*Problem to work on:* The full listing, minus its pictures, should be printed again exactly as it stands.

*Data block:*
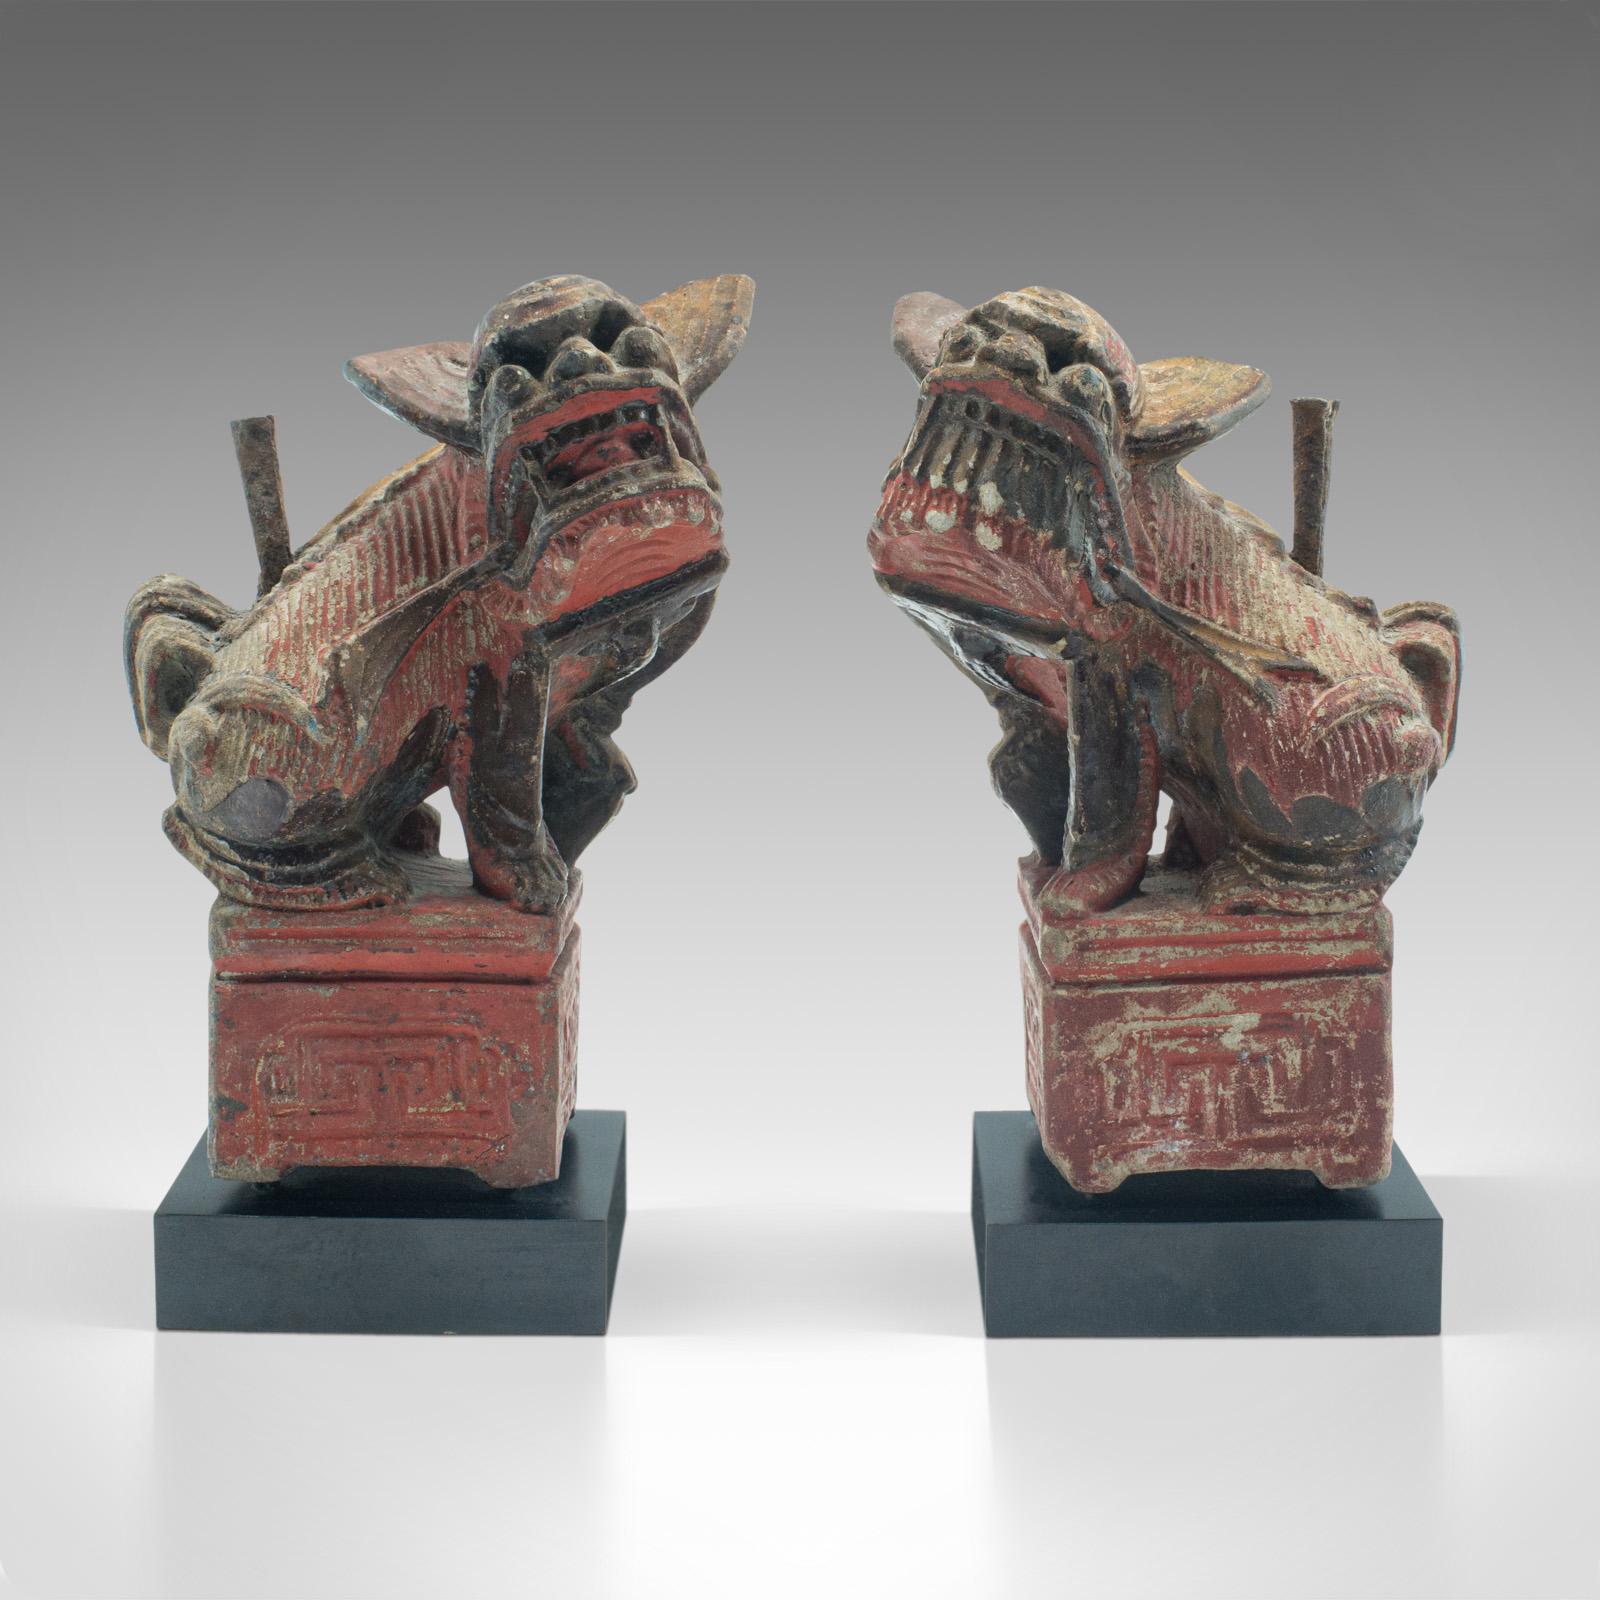 Dies ist ein Paar antiker Räuchergefäße. Eine orientalische, dekorative Stein Zensur oder Wächter Löwe Buchstützen, aus der späten viktorianischen Zeit, um 1900.

Faszinierende Wächterlöwenfiguren mit Räucherkerzen
Zeigt eine wünschenswerte

*Result below:*
 Dies ist ein Paar antiker Räuchergefäße. Eine orientalische, dekorative Stein Zensur oder Wächter Löwe Buchstützen, aus der späten viktorianischen Zeit, um 1900.

Faszinierende Wächterlöwenfiguren mit Räucherkerzen
Zeigt eine wünschenswerte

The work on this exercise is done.